Work instructions. Please set down each of the lines below once more, exactly, omitting all pictures.

---------- Supplied information

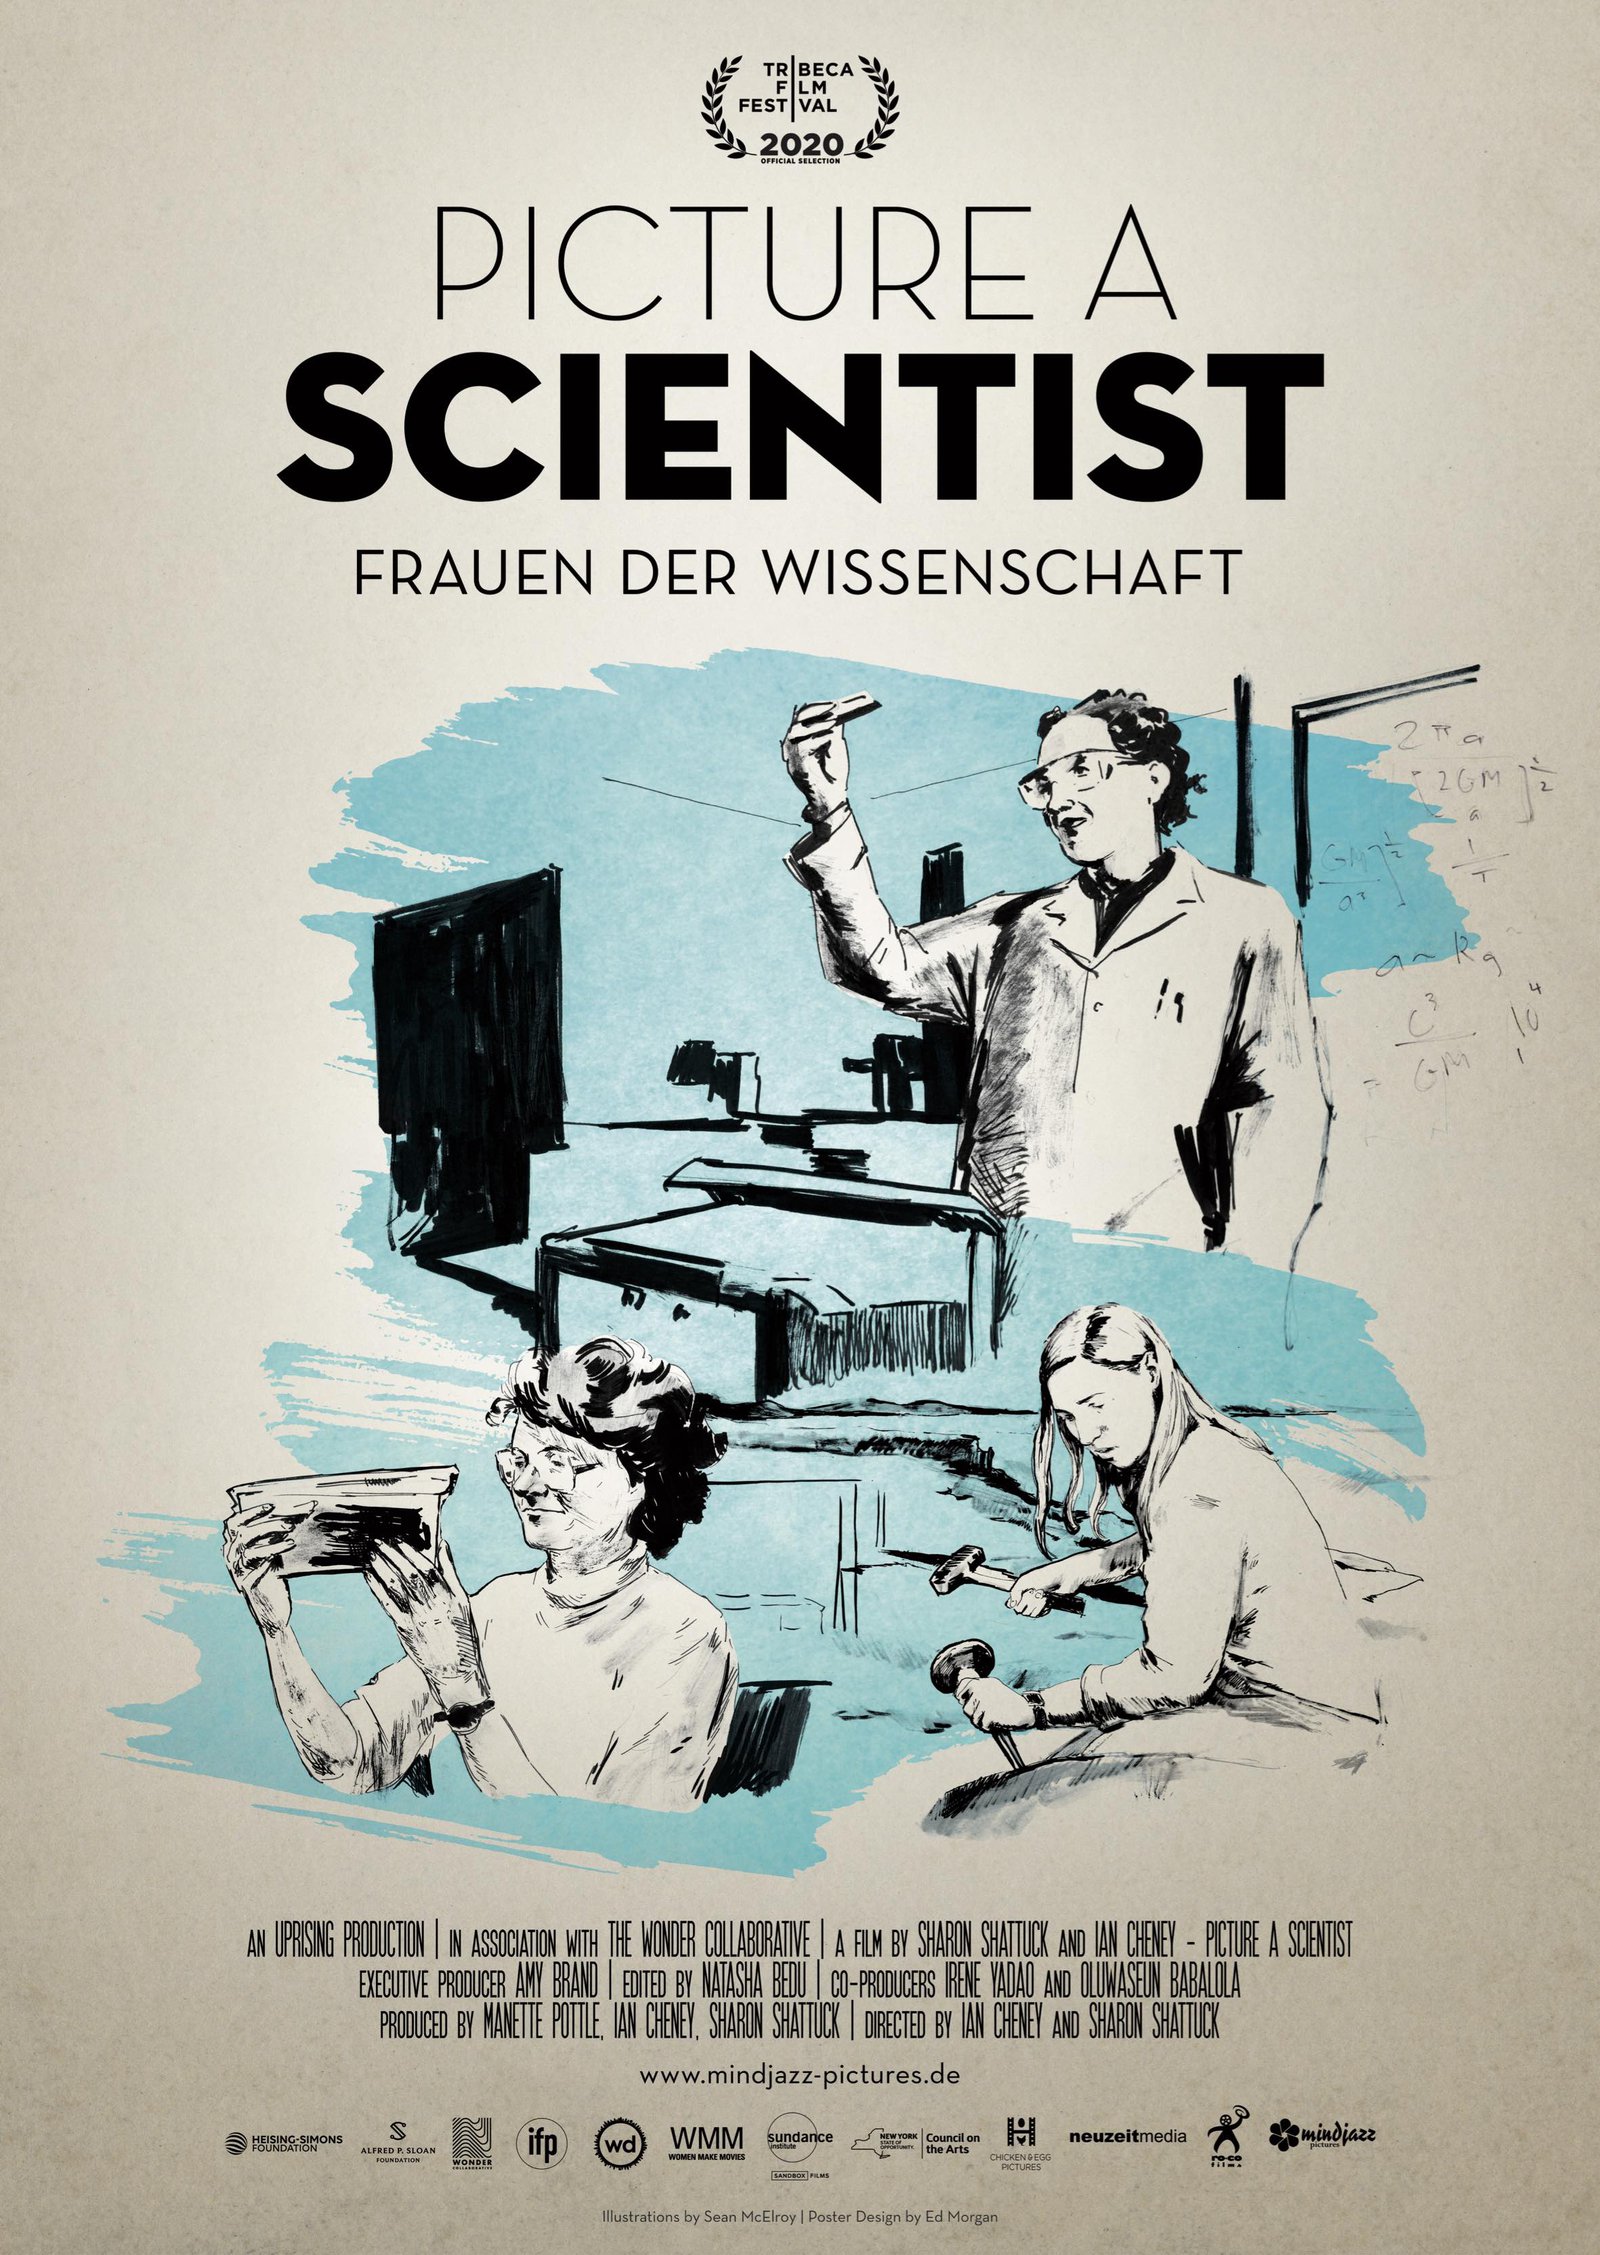 Werbeflyer Filmvorführung "Picture a Scientist" mit Podiumsdiskussion
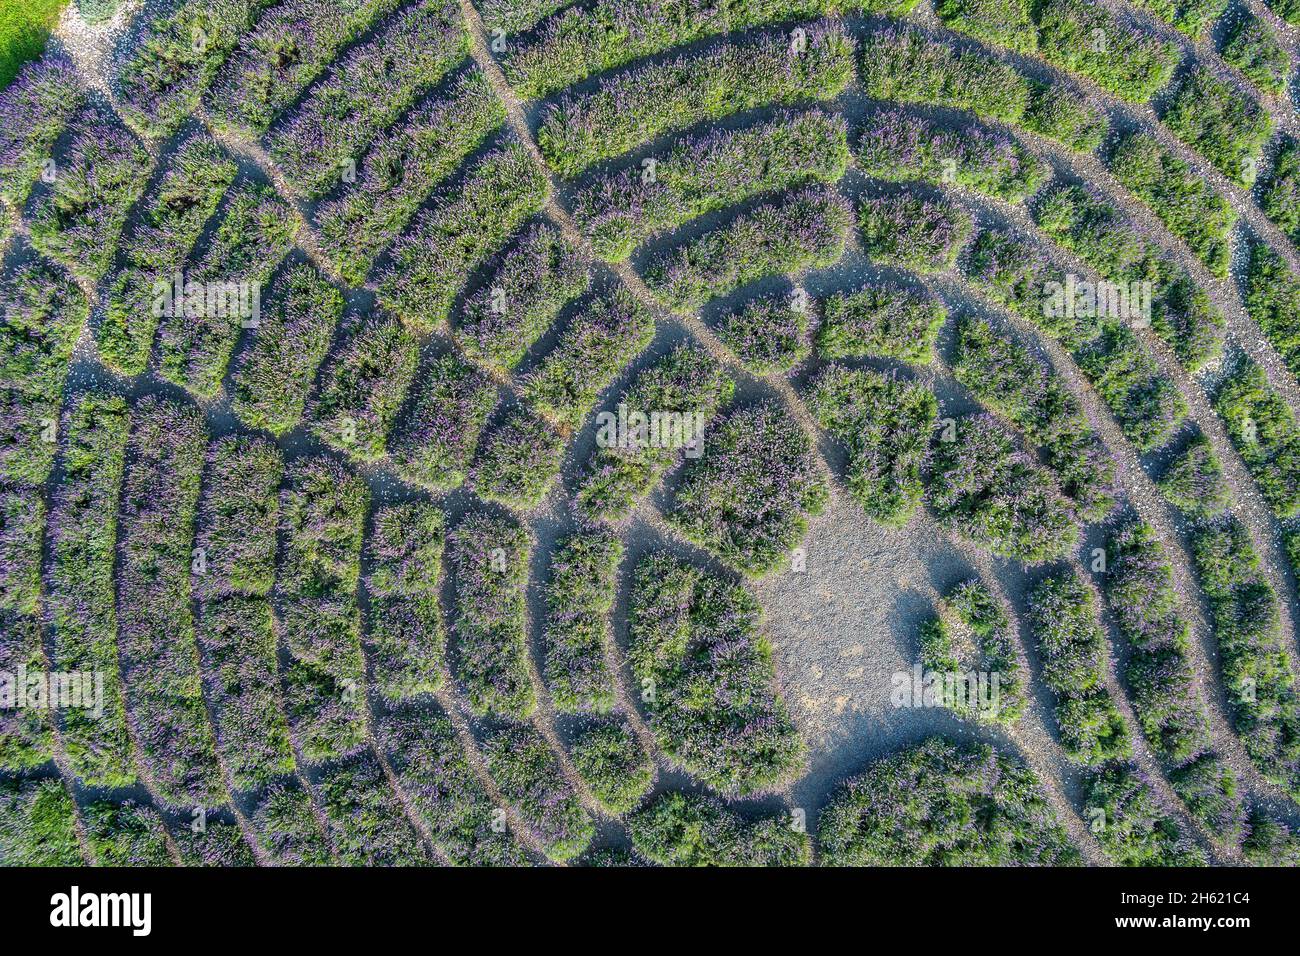 veduta aerea del labirinto di lavanda nel giardino botanico dell'università di hohenheim. Foto Stock
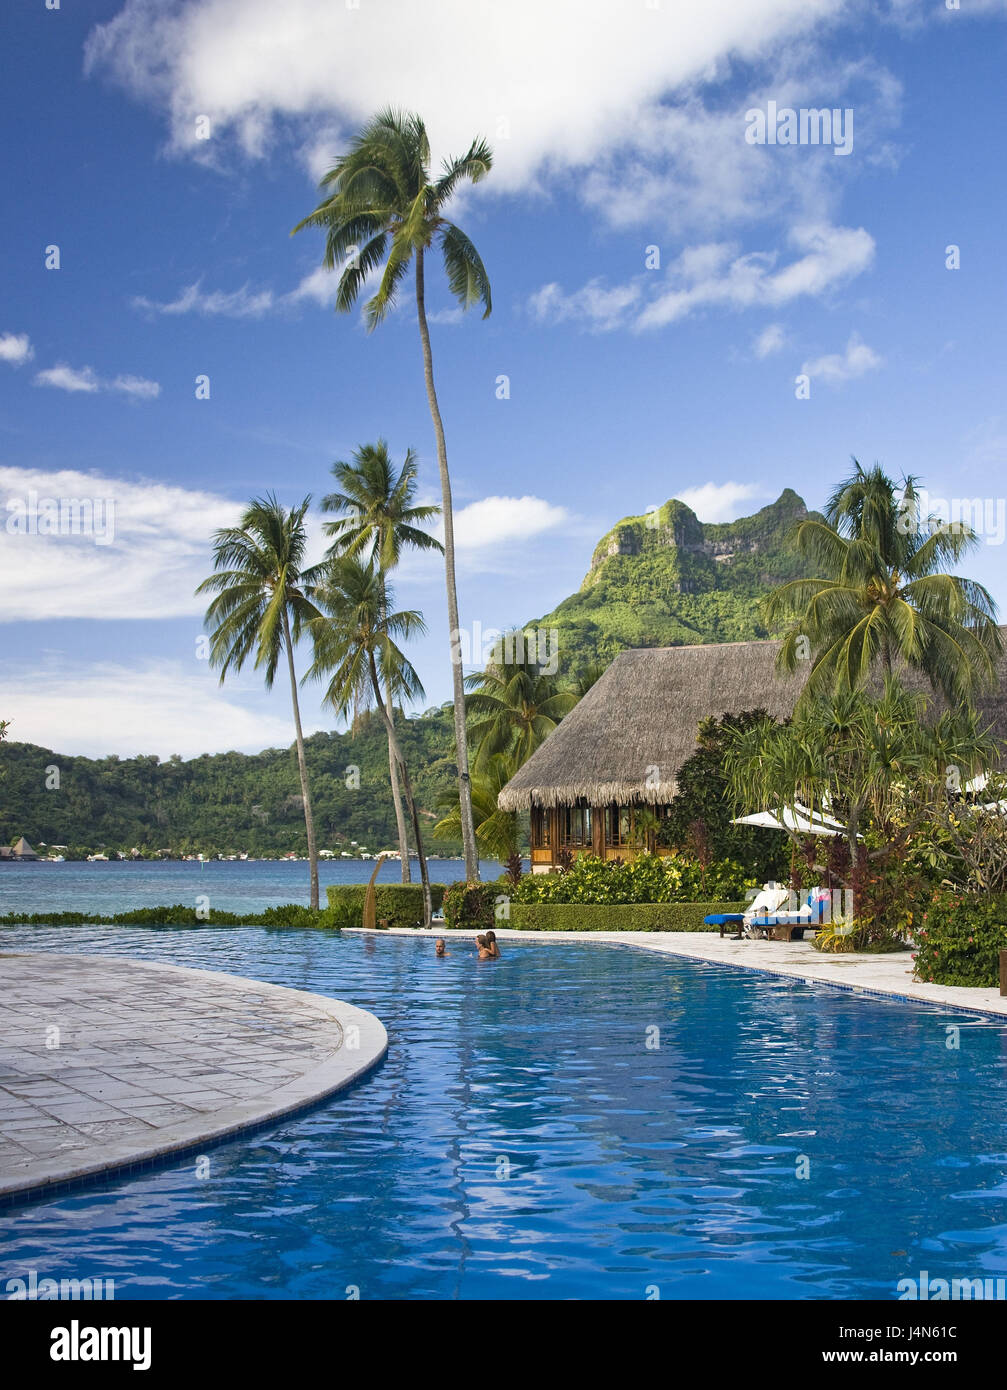 French Polynesia, Bora Bora, Bora Bora Lagoon Resort, Stock Photo

--------------------

Exercise response.
 Werbeflyer Filmvorführung "Picture a Scientist" mit Podiumsdiskussion
 veduta aerea del labirinto di lavanda nel giardino botanico dell'università di hohenheim. Foto Stock
 French Polynesia, Bora Bora, Bora Bora Lagoon Resort, Stock Photo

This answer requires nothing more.